Minggu, 18 Februari 2018

# Cerita Boga

Mendoan, Oleh-oleh Khas Purwokerto


Minggu lalu saya dapat oleh-oleh dari Purwokerto. Dilihat dari kemasannya saya menebak pasti gethuk goreng Sukaraja karena terbungkus besek (wadah dari bambu). Tapi setelah dibuka, ulala...ternyata isinya masih terbungkus daun pisang. Di dalam besek juga disediakan sebotol sambal kecap dan tepung serba guna. Ehm... apa ya? Saya membaca lembar petunjuk.
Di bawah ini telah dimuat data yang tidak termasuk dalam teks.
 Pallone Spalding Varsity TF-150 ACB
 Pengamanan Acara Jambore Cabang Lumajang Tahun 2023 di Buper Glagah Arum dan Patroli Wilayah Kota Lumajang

Dan... ouch, ternyata si penggoda lidah: Tempe. 


Baru kali ini saya mendapat oleh-oleh tempe yang masih terbungkus daun –belum matang- lengkap dengan tepung untuk menggoreng dan sambal kecap. Biasanya saya membeli tempe mendoan matang di lapak-lapak penjual aneka gorengan, karena membuat tempe mendoan sendiri, rasa dan rupanya tak seenak dan seelok bila dibandingkan dengan membeli. Satu besek berisi 10 bungkus tempe. Setiap bungkus terdiri dari 2 lembar tempe tipis dan lebar, kira-kira seukuran kartu pos.
Sebelum dieksekusi menjadi gorengan lezat, tempe dijejer / iler di meja dalam keadaan tetap terbungkus. Mungkin menunggu proses fermentasi berlangsung optimal. Sesuai dengan petunjuk, tempe baru bisa digoreng keesokan harinya. Jika tidak digoreng pada hari tersebut,tempe yang masih terbungkus daun dimasukkan kulkas dan tempe masih bisa bertahan sampai dua hari ke depan. 



Nah, waktunya menggoreng tempe mendoan. Tepung berbumbu diencerkan dengan air. Sebagai pelengkap dan menambah cita rasa, bisa tambahkan onclang yang diiris tipis. Lalu tempe dimasukkan dalam adonan tepung dan digoreng deep frying dalam minyak panas sreng... cukup setengah matang, angkat lalu tiriskan. Tempe mendoan hangat siap disantap. Dinikmati bersama gigitan cabe menambah kelezatan, dicocol dengan sambal kecap pun lezat.

Karena  tempe yang belum matang masih banyak, maka saya mencoba menggoreng tempe dengan berbagai variasi. Digoreng jadi mendoan, digoreng begitu saja tanpa balutan tepung pun tak kalah lezat. Makin lezat jika dinikmati selagi panas. Kriuknya terasa. Ada juga yang saya goreng dengan balutan tepung encer dan tipis. Rasa dan rupa seperti tempe keripik. Ah, yang namanya tempe memang menggoda lidah. 



Eh tapi, mengapa ya bisa dinamakan Mendoan? Ternyata nama Mendoan berasal dari kata “mendo” yang artinya setengah matang. Makanya proses penggorengannya pun setengah matang. Oleh-oleh ini gampang didapatkan di warung-warung tradisional di wilayah eks karesidenan Banyumas. Praktis, karena kita bisa memberinya dalam kondisi tempe belum matang sempurna, sehingga bisa dijadikan oleh-oleh. Selain itu tambahan sambal kecap dan tepung bumbu juga memudahkan untuk mengeksekusinya menjadi hidangan yang lezat disantap menemani secangkir teh.

5 komentar:

  1. ini enak banget, mbaaaak. aku sering beli di S. Indo. hehehe..kadang aku malah tepungnya tak campur telor, biar makin kriuk. hihi..

    BalasHapus
  2. Suka banget mendoan, tp kalo purwokerto mendoannya agak lemes ga kriuk ya, aku lbh suka yang garing kriuk

    BalasHapus
  3. Tempe mendoan selalu jadi camilan favorit aku mbak. Lebih enak lagi saat menyantap soto ditambah tempe mendoan. Mantap pokoknya.